Kasztanowce to drzewa o dużej wartości estetycznej i ekologicznej. O ich przetrwanie warto powalczyć, ponieważ, jak się okazuje, zarówno same rośliny, jak i ich owoce posiadają właściwości zdrowotne i są szeroko wykorzystywane w medycynie naturalnej. Bioenergoterapeuci zalecają przytulanie się do pnia kasztanowca, co ma uspokajać, łagodzić strach, a nawet… leczyć złamane serca. Wyciągi z różnych części kasztanowców są ponadto dostępne w aptekach i sklepach zielarskich.
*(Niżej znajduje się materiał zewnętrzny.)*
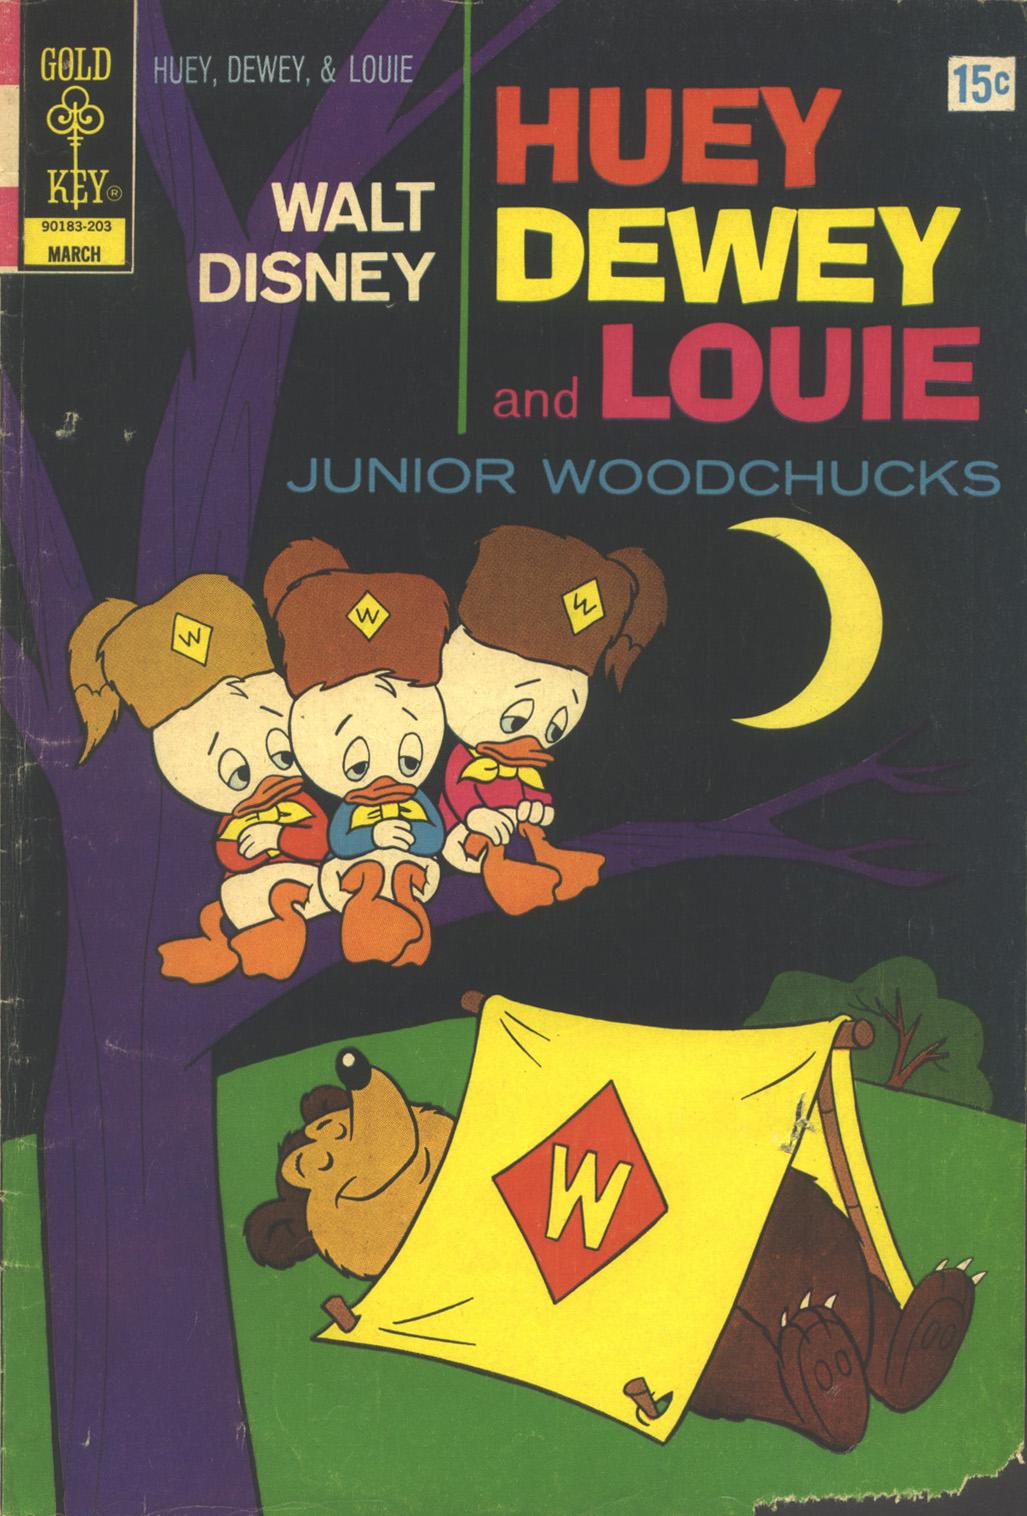 Huey, Dewey, and Louie Junior Woodchucks 13 Page 1

Preparaty na ich bazie wchodzą również w skład niektórych kremów i balsamów przeznaczonych dla tzw. skór problematycznych. Kiedyś wierzono, że kasztany mają właściwości magiczne, dodają siły, wytrwałości i energii do działania. Medycyna ludowa zalecała noszenie ich przy sobie, a nawet wkładanie pod poduszkę czy do pościeli. Z kasztanami powinny się zaprzyjaźnić głównie osoby cierpiące na bóle reumatyczne i mające problemy z pękającymi naczynkami. Według niektórych źródeł kasztany mają także właściwości regulujące ciśnienie krwi i łagodzące dolegliwości kobiet w okresie klimakterium. Trzeba jednak wiedzieć, że w dużej ilości mogą zaszkodzić i nasilić dolegliwości.